Work instruction:
Your answer should be every line of the records that contains the word "Gold", copied as it stands.

=== Data for this exercise ===

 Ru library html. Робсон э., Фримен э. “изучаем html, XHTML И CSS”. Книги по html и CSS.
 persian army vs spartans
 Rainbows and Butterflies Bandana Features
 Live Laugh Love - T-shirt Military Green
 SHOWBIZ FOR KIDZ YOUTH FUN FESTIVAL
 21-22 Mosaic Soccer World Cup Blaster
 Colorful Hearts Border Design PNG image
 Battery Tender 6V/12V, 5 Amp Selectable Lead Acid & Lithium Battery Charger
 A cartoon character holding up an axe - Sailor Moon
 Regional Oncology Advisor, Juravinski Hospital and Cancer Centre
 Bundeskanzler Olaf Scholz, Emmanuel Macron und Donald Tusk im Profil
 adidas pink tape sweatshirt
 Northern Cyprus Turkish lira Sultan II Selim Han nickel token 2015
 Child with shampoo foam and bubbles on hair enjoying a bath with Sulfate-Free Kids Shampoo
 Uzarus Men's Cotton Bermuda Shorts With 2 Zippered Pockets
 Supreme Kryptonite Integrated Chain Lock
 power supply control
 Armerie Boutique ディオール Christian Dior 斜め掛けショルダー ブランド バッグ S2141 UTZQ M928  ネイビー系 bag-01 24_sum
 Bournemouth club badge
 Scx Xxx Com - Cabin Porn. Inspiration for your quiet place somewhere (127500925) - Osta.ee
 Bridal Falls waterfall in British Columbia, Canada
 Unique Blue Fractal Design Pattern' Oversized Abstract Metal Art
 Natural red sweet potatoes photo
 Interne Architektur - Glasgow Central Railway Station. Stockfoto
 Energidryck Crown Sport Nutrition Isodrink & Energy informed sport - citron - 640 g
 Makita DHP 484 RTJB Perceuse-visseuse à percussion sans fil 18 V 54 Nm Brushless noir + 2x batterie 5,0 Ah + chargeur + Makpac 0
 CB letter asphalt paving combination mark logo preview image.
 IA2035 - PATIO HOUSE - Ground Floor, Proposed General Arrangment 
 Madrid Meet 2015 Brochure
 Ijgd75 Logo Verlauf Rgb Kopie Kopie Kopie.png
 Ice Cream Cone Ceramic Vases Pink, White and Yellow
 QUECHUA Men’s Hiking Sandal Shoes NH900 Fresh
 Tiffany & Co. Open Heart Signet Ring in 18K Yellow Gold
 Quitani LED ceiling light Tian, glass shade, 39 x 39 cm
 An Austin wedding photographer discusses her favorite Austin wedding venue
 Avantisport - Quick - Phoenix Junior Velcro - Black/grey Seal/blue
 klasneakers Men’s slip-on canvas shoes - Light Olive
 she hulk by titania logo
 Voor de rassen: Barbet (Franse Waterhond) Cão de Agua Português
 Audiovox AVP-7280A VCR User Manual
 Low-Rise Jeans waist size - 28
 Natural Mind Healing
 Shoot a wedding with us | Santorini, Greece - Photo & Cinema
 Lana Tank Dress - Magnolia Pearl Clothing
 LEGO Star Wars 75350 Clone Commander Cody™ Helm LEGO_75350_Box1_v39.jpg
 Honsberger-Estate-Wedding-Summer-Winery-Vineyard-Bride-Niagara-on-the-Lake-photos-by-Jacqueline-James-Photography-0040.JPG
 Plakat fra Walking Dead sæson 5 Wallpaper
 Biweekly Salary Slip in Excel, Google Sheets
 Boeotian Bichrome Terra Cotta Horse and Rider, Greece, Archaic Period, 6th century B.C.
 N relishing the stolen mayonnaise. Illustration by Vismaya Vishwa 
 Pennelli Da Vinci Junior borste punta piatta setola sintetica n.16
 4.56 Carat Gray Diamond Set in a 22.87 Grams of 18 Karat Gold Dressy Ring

===

Response:
 Tiffany & Co. Open Heart Signet Ring in 18K Yellow Gold
 4.56 Carat Gray Diamond Set in a 22.87 Grams of 18 Karat Gold Dressy Ring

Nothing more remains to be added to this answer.